Как это вышло? Обида и шок.

Крикнул я в долю-недолю:

«Я не срублю тебя под корешок,

И никому не позволю!»

 

Ты уходила. Я стыл на ветру,

Злой и бессильный, как кукиш.

«Если уйдёшь, я напьюсь и умру!»

«Что же, умри, если любишь!»

 

Ты оглянулась из тучи людей

Тайной неведомой девы.

И засияли на шее твоей

Бусы из слёз королевы.

 

 

Ночью на лёд выхожу без ужаса.

Богу не верю, но верю чутью.

Из полыньи твоего замужества

Чёрную жуть по-звериному пью.

 

Звёзды вершат роковое кружение,

Небо страданием упоено.

Там, где клубится моё отражение,

Падают мёртвые рыбы на дно.

 

Всхлипнет вода, колыхнётся и брызнет,

Медленным льдом обрастёт борода…

Завтра на месте потерянной жизни

Будет лишь пятница или – среда.

 

Станут вдвойне небеса тяжелее,

Скатится с кручи луна колобком…

И полынья, как верёвка на шее,

Ближе к рассвету затянется льдом.

 

 

 

Облака над Родиной клубя,

На мостках прощального причала,

Отлучаю Церковь от Себя,

Как она Толстого отлучала.

 

• 

 

Оказалась мёртвой Родина.

Как ни взглянешь – всё тоска.

На цепи сидит юродивый,

Строит замки из песка.

 

Одесную тьма шевелится,

А за тьмою блеск и шик.

Скоро память перемелется,

Пар поднимется, как «пшик».

 

Всё предсказано, измерено.

Как всегда, под звон оков,

Крысы выстроят империю,

Гимн напишет Михалков.

 

Опала

 

Встань, пройди по черноталу

И, планиду не коря,

Полюби свою опалу,

Как награду от царя.

 

Тучи, демоны, враги ли –

Помни, падая без сил:

Ни одной слезы Вергилий

В круги ада не пролил.

 

Через годы, беды, даты,

Сквозь божественную муть,

Жизнь проходит, словно Данте,

Позабыв обратный путь.

 

Но, стеная и тоскуя,

За соломинку держись,

И люби её такую,

Непохожую на жизнь.

 

Не сдавайся лилипутам.

В темноте вороньих стай

Пей проклятую цикуту

И Сократа поминай.

 

 

Опять проигран бой за «это»,

За радость честного труда;

И тьмою Ветхого Завета

Заносят наши города.

 

Плывёт по Родине зараза,

И, вытирая пот со лба,

Мечтает Ваня Карамазов

Убить уснувшего отца.

 

Я по ночам стою у порта,

Где корабли страшнее плах,

Где вся икра второго сорта

Уже у рыбы в животах.

 

Песочные часы

 

Враждебны ангелы и черти. Не помнит устье про исток.

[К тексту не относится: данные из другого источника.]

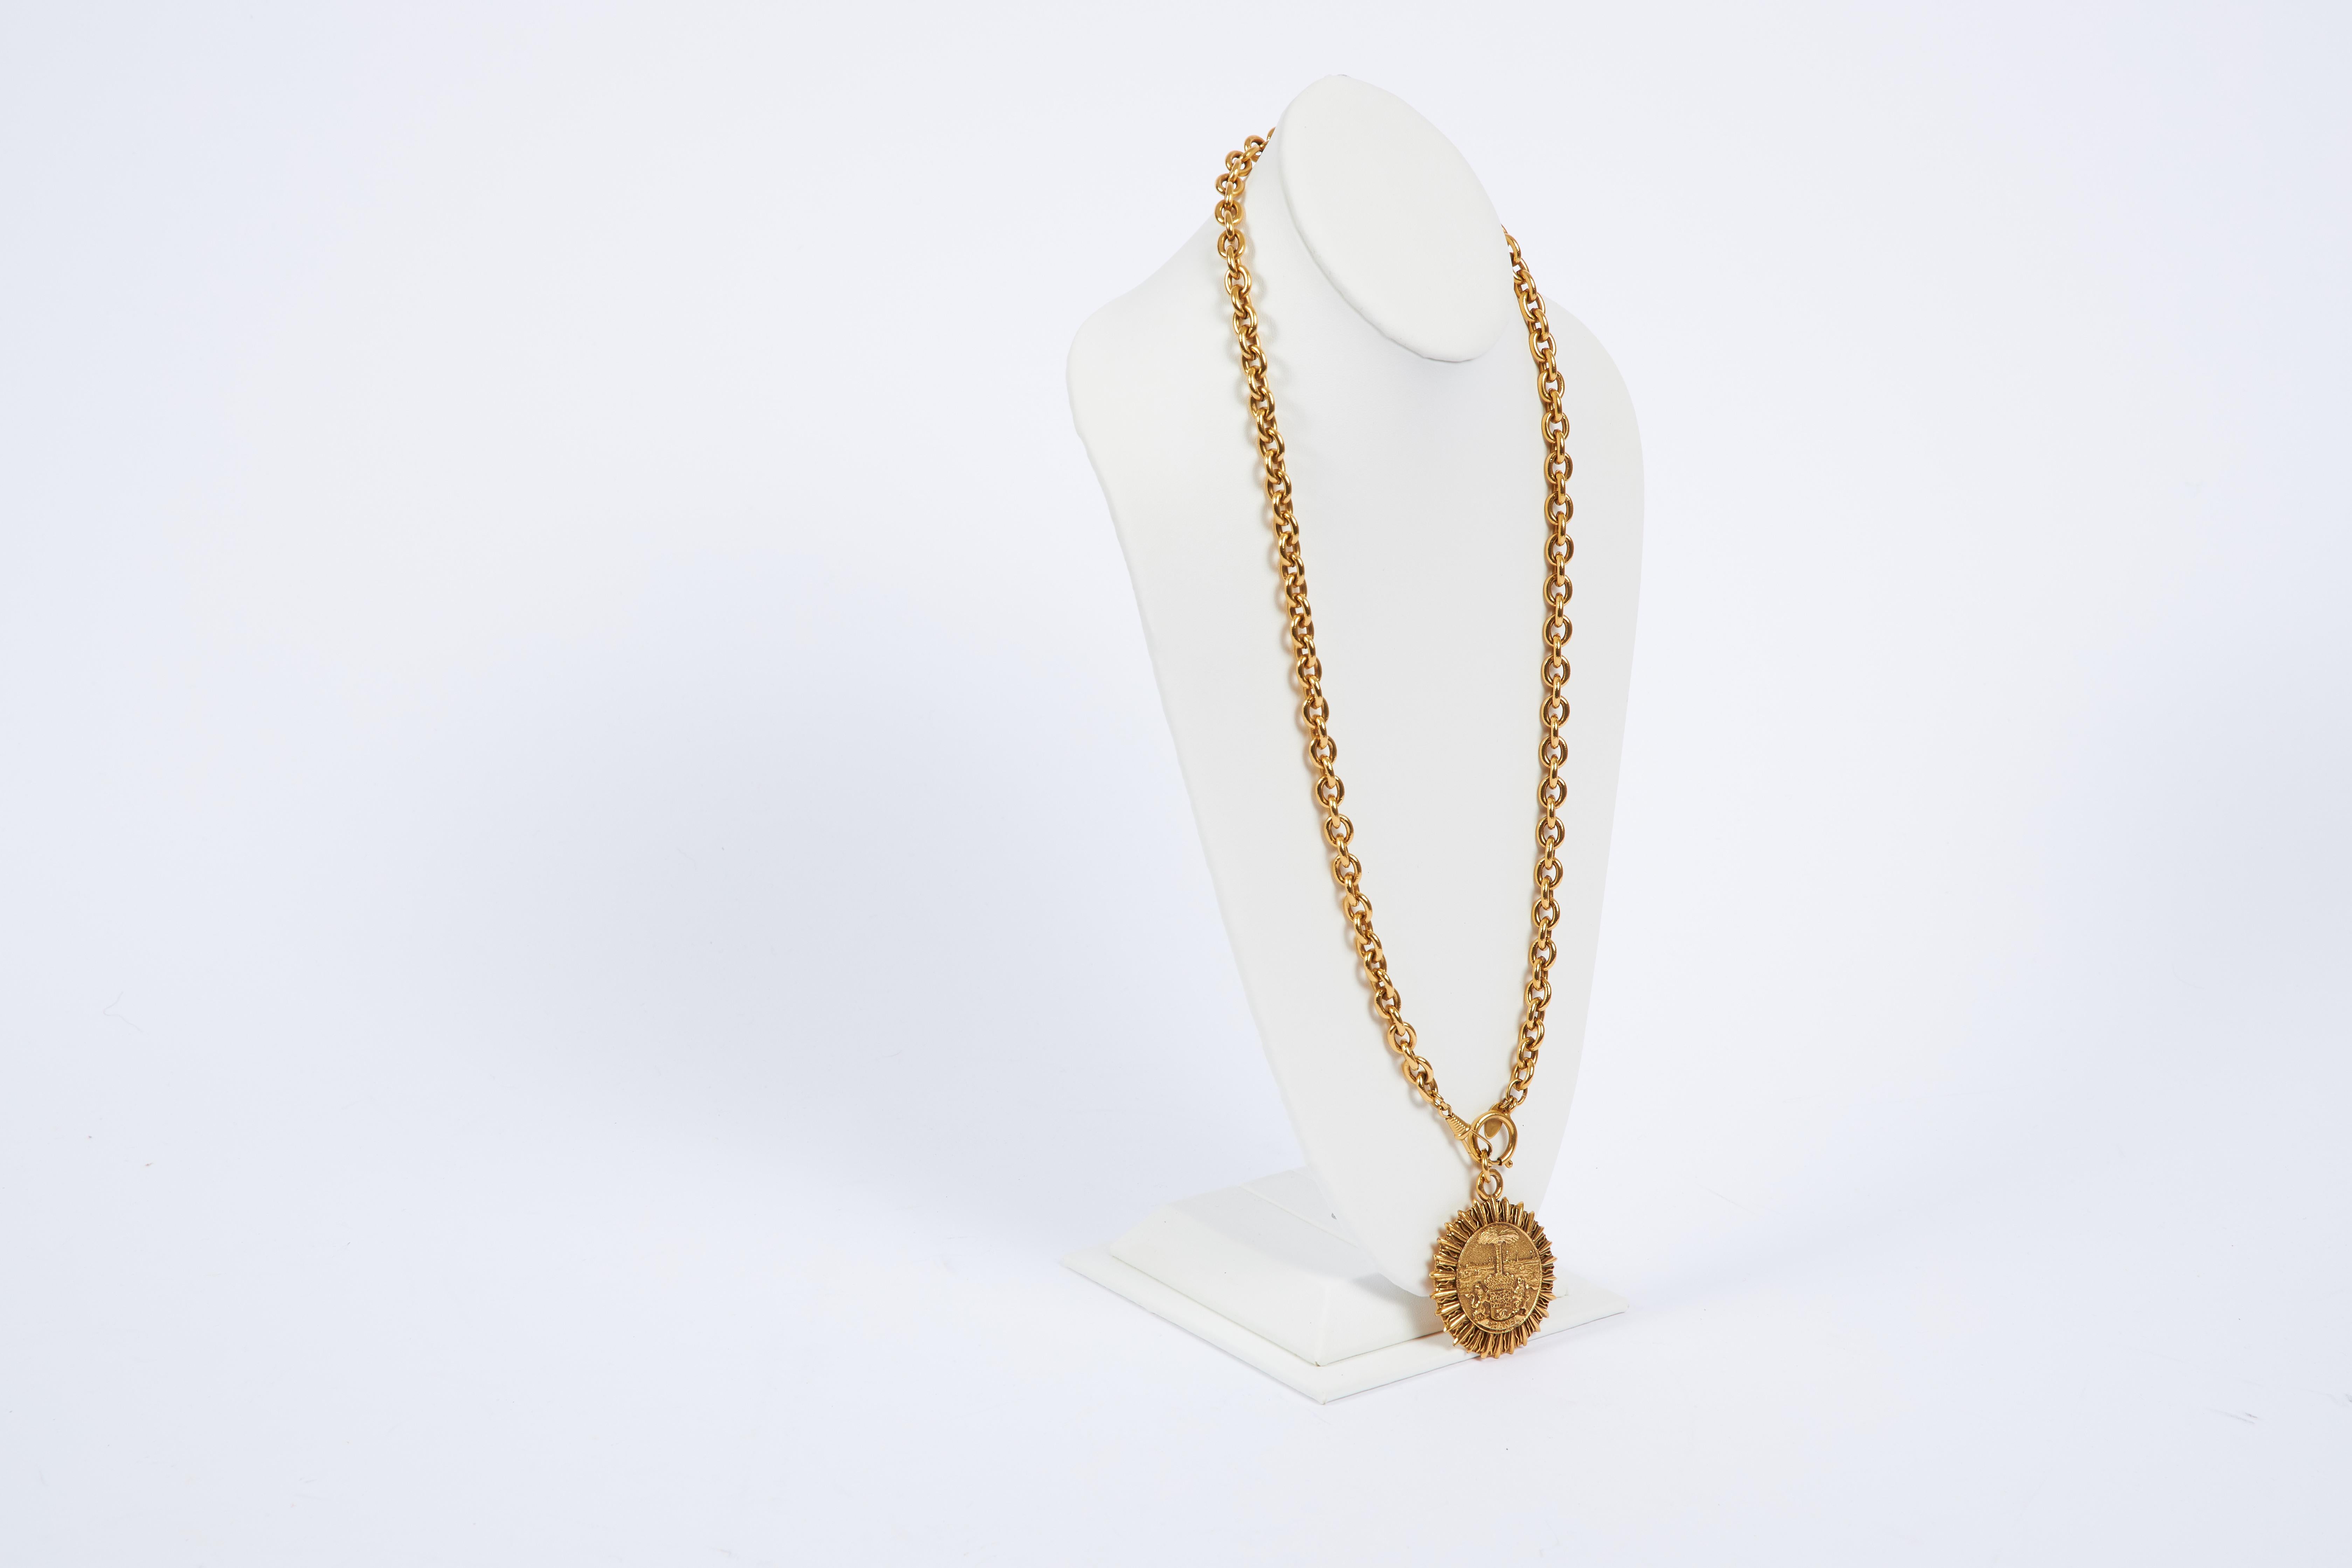 1980s Chanel goldtone metal sun tarot pendant necklace. Comes with original box.

Из колбы жизни в колбу смерти перетекает мой песок.

 

Любовь и ненависть, и слёзы, мои объятья, чувства, речь,

Моя жара, мои морозы – перетекают. Не сберечь.

 

Сижу на пошлой вечеринке, но вижу я, обречено,

Как больно, в этой вот песчинке, мой август падает на дно!

 

Часы не ведают страданья, и каждый день, в любую ночь –

Летят на дно мои свиданья, стихи и проза… Не помочь.

 

И трудно мне, с моей тоскою, поверить в нечет, словно в чёт, –

Что кто-то властною рукою часы, как мир, перевернёт.

 

И в стародавнем анимизме, чтоб жить, любить и умирать,

Из колбы смерти в колбу жизни песок посыплется опять.

 

Опять я буду плавать в маме, крутить по комнате волчок…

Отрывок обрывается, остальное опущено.